Sanders is an excellent scholar who conducts his research meticulously, does not avoid difficult questions or allow his own beliefs to influence his conclusions. He weighs evidence and explains why he thinks it is sound or otherwise. He is not afraid to admit that in some instances he cannot reach a firm conclusion. This reviewer does not accept his entire argument but his work stands in stark contrast to the "self-indulgent charade" that passes for research at the Jesus Seminar. Although Sanders is a first-class academic, this book is written for the general reader and in a conversational style. As an introduction to the overall question of the historical figure of Jesus, it's in a league of its own, receives five stars and is highly recommended for purchase.

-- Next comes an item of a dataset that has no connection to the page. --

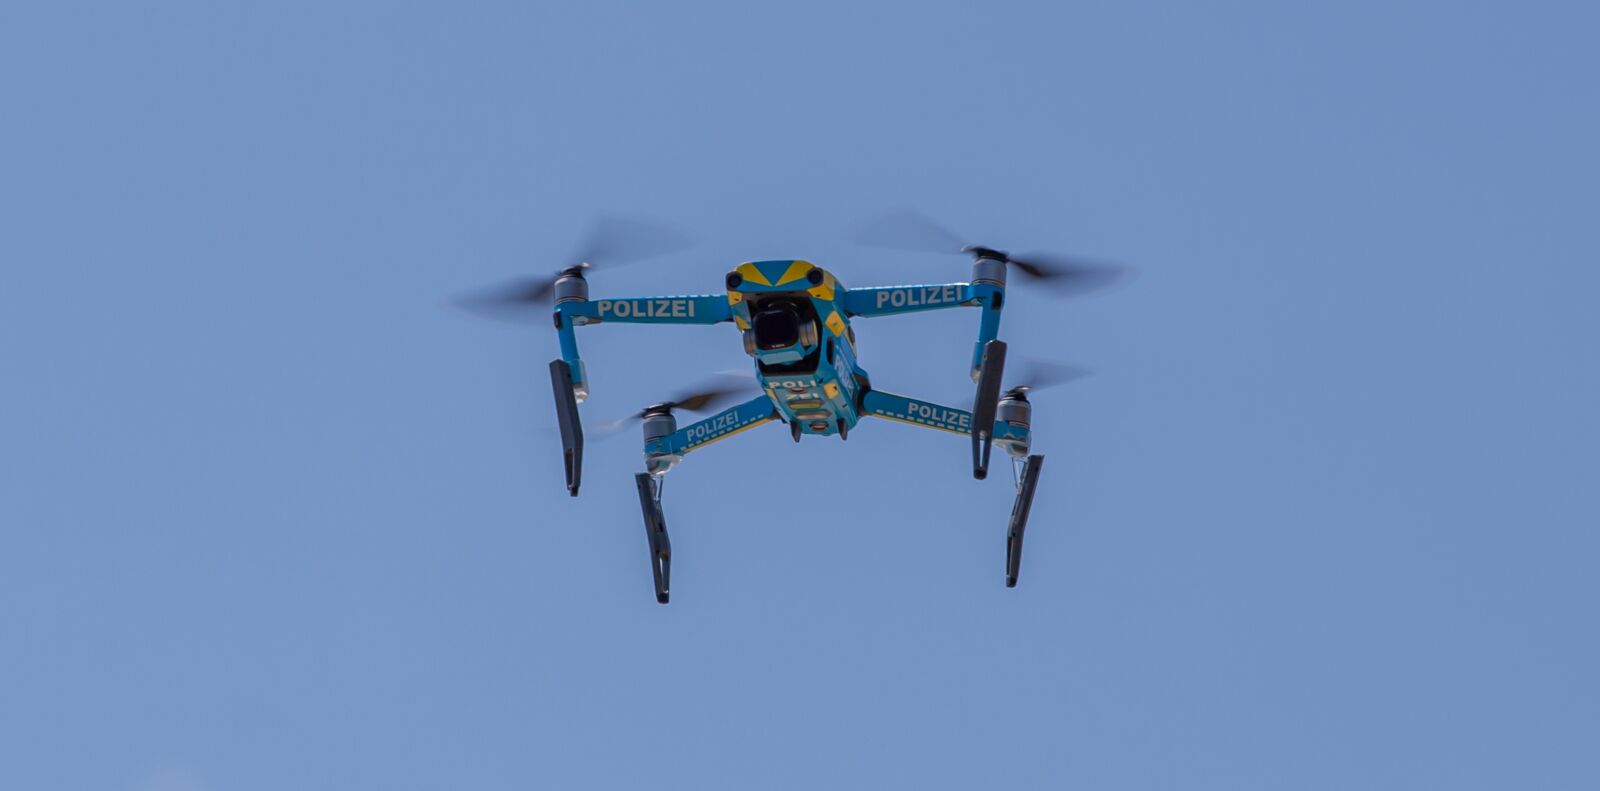 Canon EOS 5D Mark II + Canon EF 70-200mm F4L USM sample photo. Drone, flying camera, police photography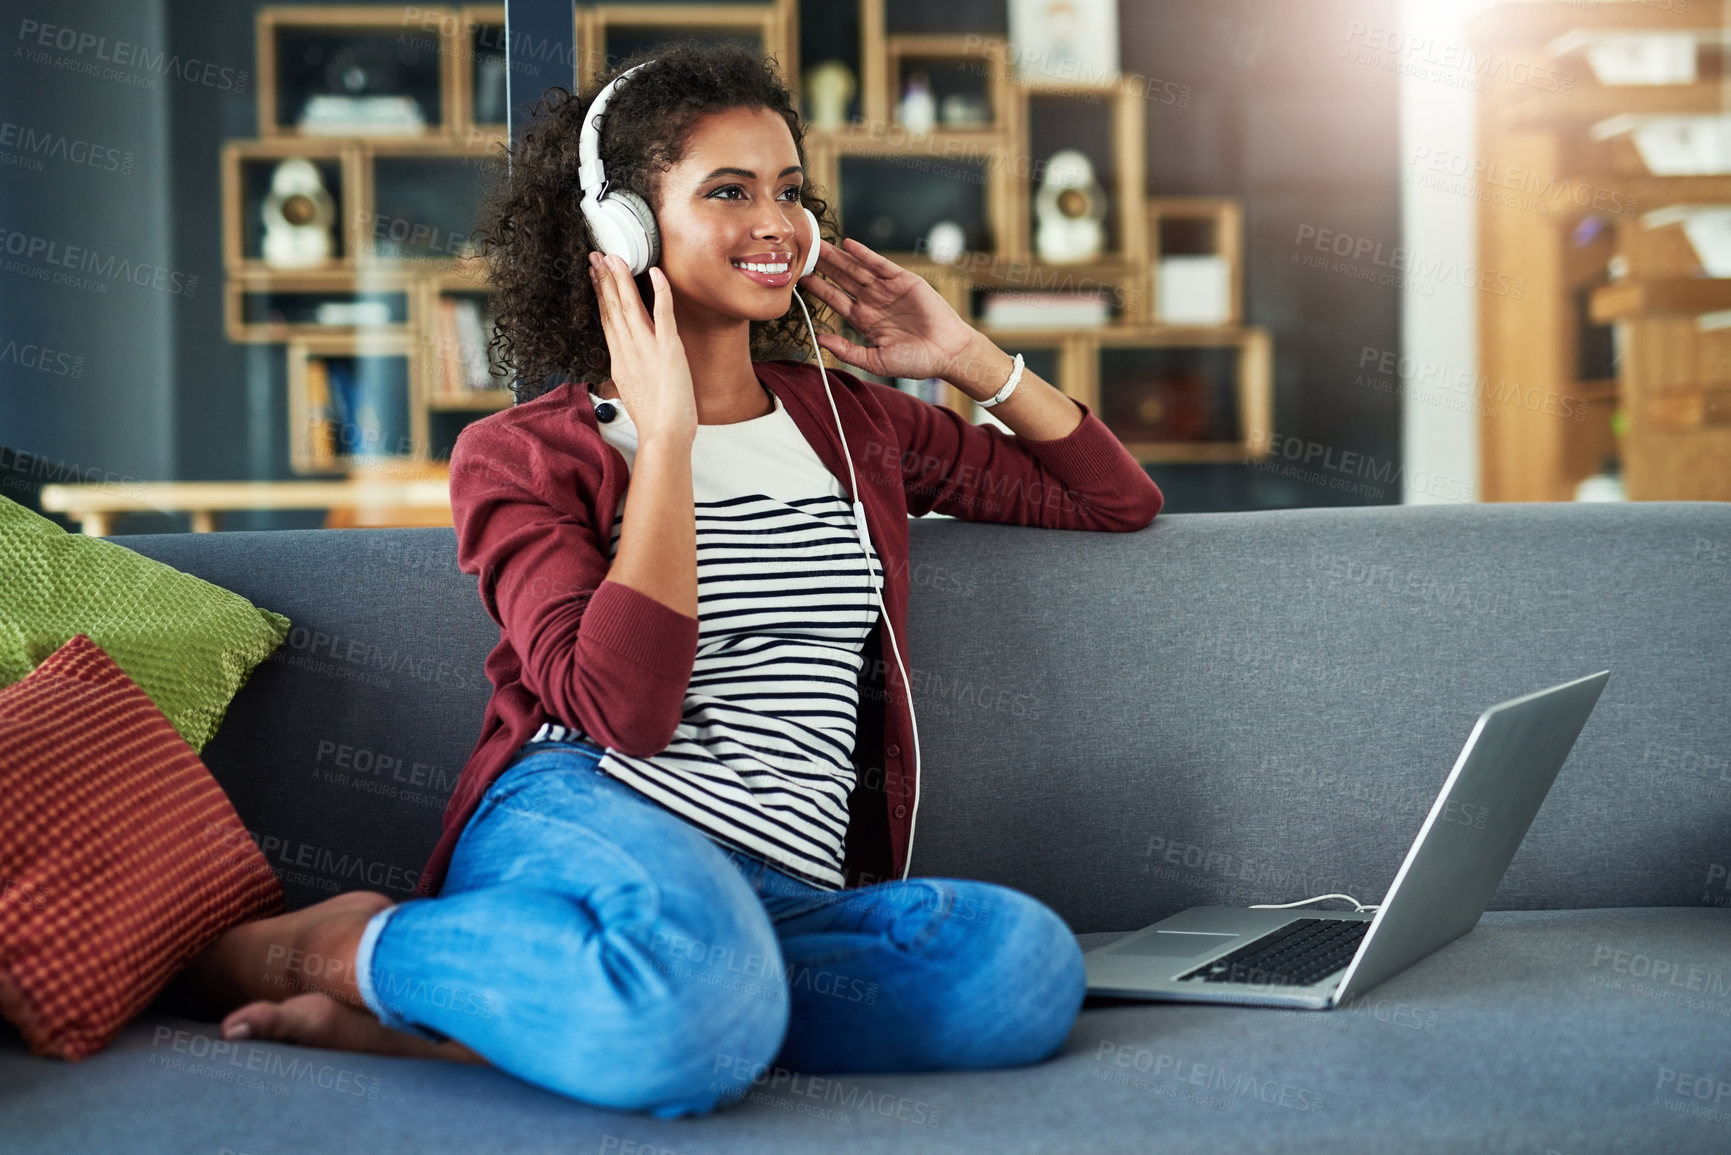 Buy stock photo Shot of a young woman using headphones and a laptop on the sofa at home

the purpose of this book is to establish who Jesus was historically rather than theologically and while i have seen some critique this as a methodology, there are enough books on who Jesus was theologically that i think we can let that slide! he does this by trying to work backwards and trying to see what the earliest writers thought of him and how they depict him. he is very happy as a methodology to read with the grain of the text, other writers on the topic (such as j. d. crossan) are a lot happier to read against the grain and redact out the implications and views of the writers in order to find more solid data and of course both methods are extremely critique-able for a variety of reason.
i find myself quite liking sanders he expresses the difficult task of finding a single person in historical accounts without making seem it too complicated, ive read other works by him as well and his work on early Jewish studies is considered pretty authoritative so i definitely recommend him.